I tried optimizing my CPU emulator dispatch in raw assembly to see if I could run a simple fibonacci program faster than C++. And I was not even close. In the end I merged it and made it a default-disabled dispatch option, because ... there has to be a way to make it faster!

If you are daring, you can find my puny attempt here: https://github.com/libriscv/libriscv/blob/master/lib/librisc...

I did manage to improve it once I figured out some of the various modes of accessing memory, and I even managed to cut the jump table down from 64- to 32-bit which should help keep it in memory. I made the jump table part of .text in order to make it RIP-relative. For the fibonacci sequence program, not many bytecodes are needed. I would greatly appreciate some tips on what can be improved there.
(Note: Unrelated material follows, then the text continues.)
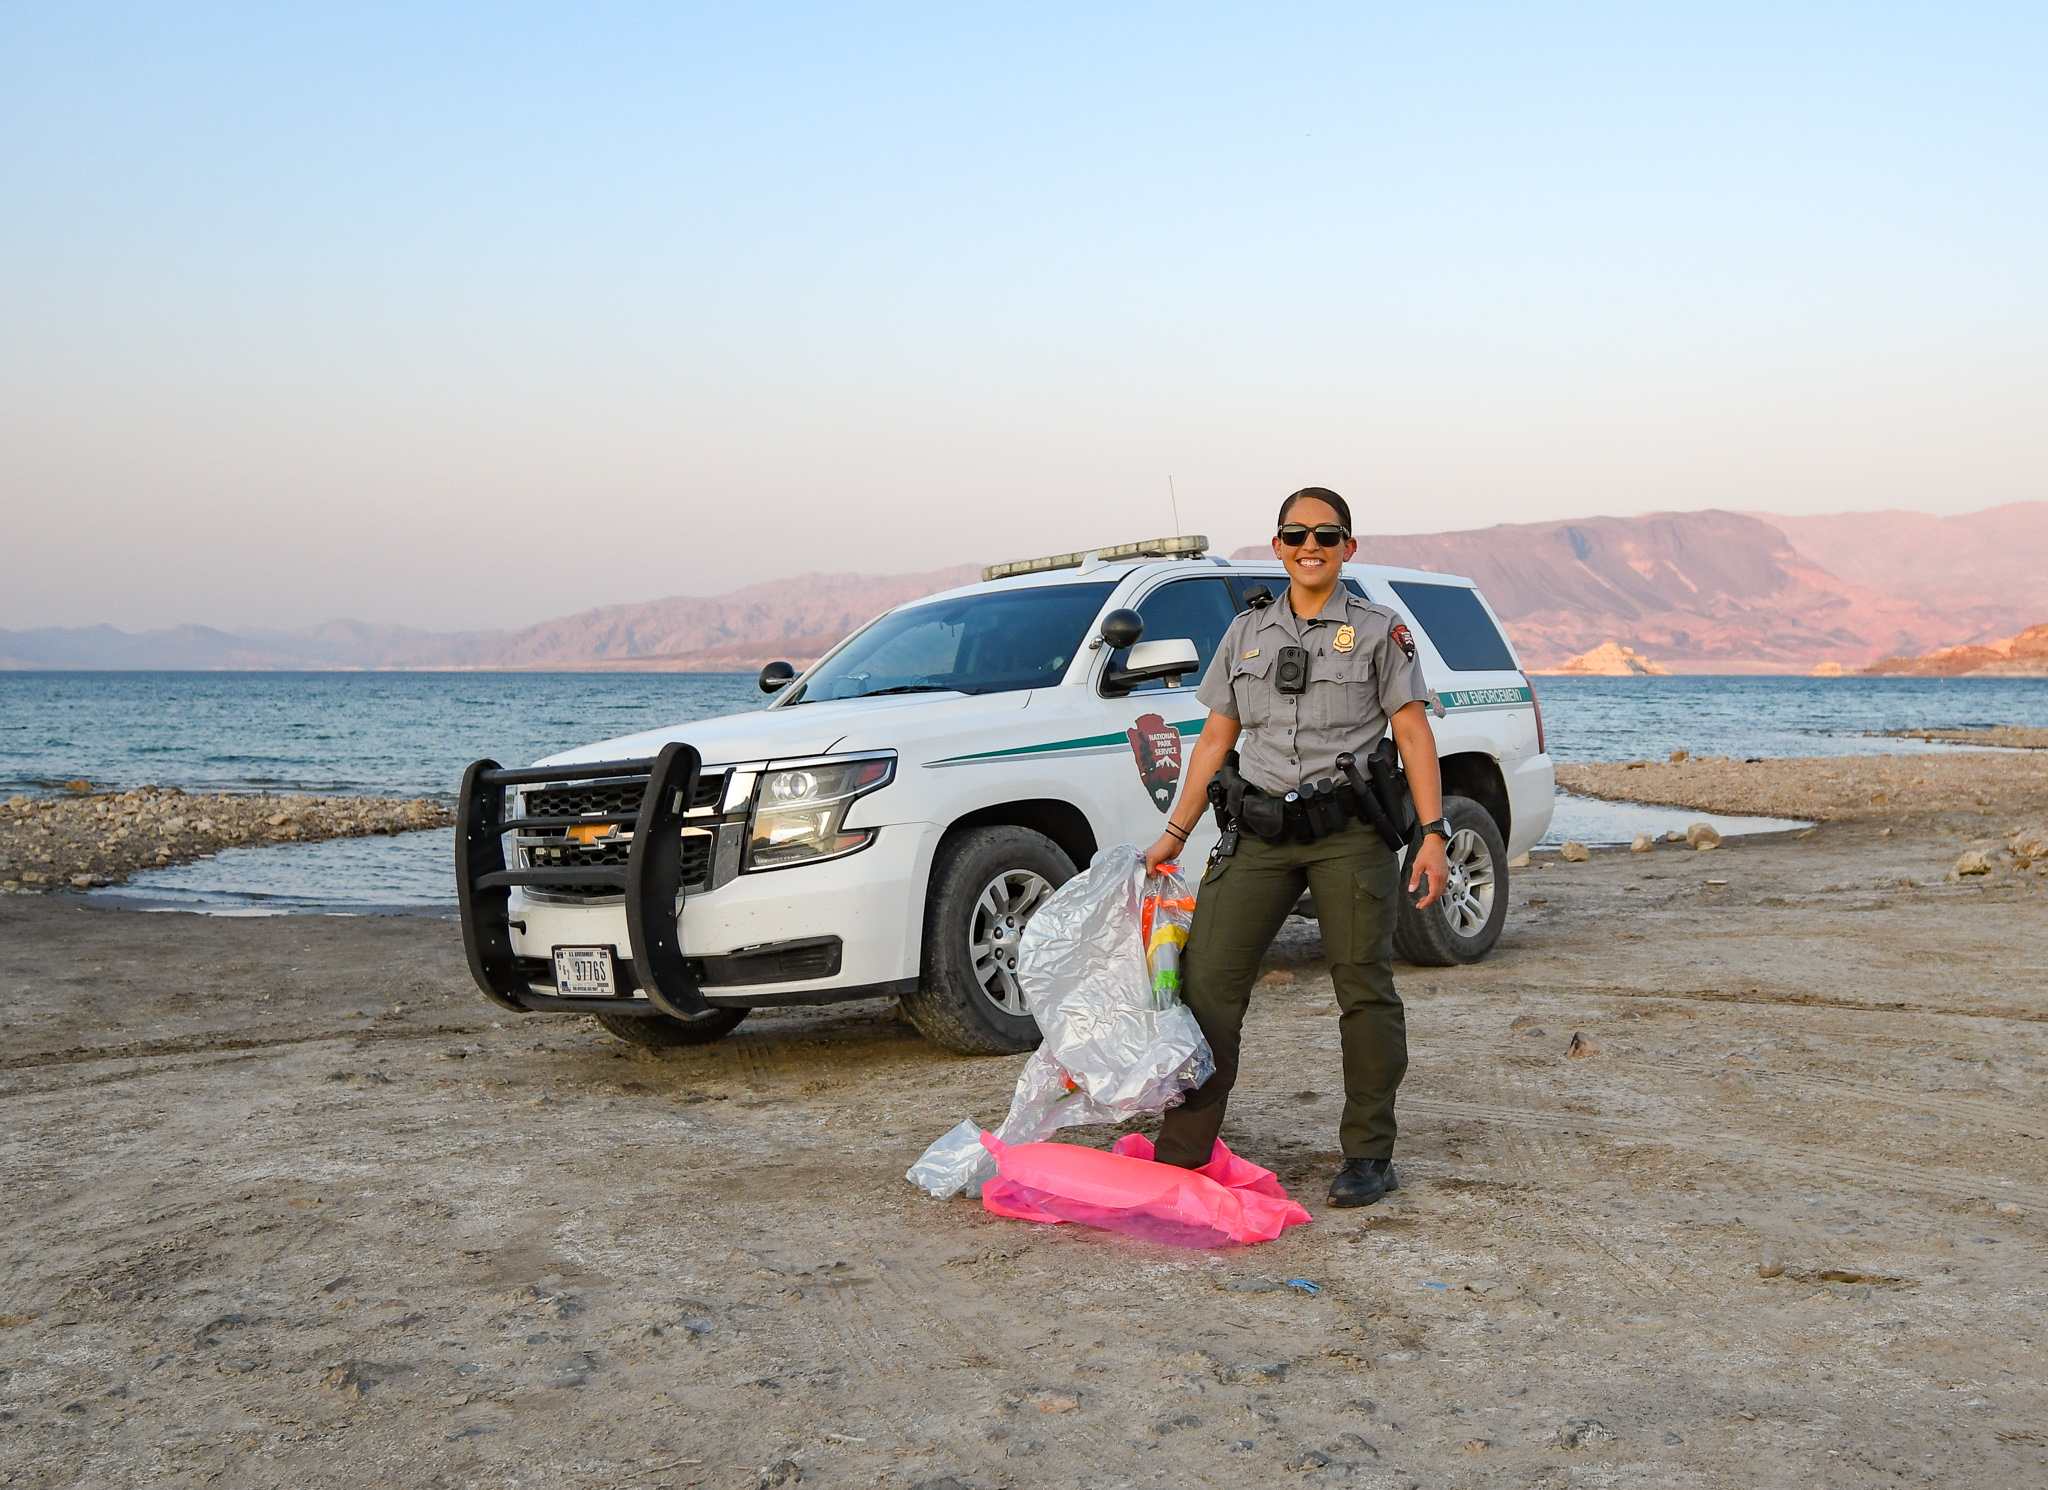 Park Ranger with pool floats

> I made the jump table part of .text in order to make it RIP-relative

Did you do this manually?

gcc changed to put jump tables in .rodata always which causes problems when .rodata is stored in ROM.

It does have the `-fno-jump-tables` option but that just disables jump tables rather than allowing you to control where they go.

have you tried actually comparing what you have to what the c++ compiler generates? i don't have a lot of context here but I think it's possible that the difference is less due to the dispatch mechanism (i.e. how the next instruction is fetched) but due to the implementations of the instructions themselves.

one opportunity for optimization is mapping emulated registers to real x86-64 registers and basically never spilling them to memory (so that way if you have to add you don't have to first fetch then add, but just add directly). though that makes writing the emulator a lot more annoying.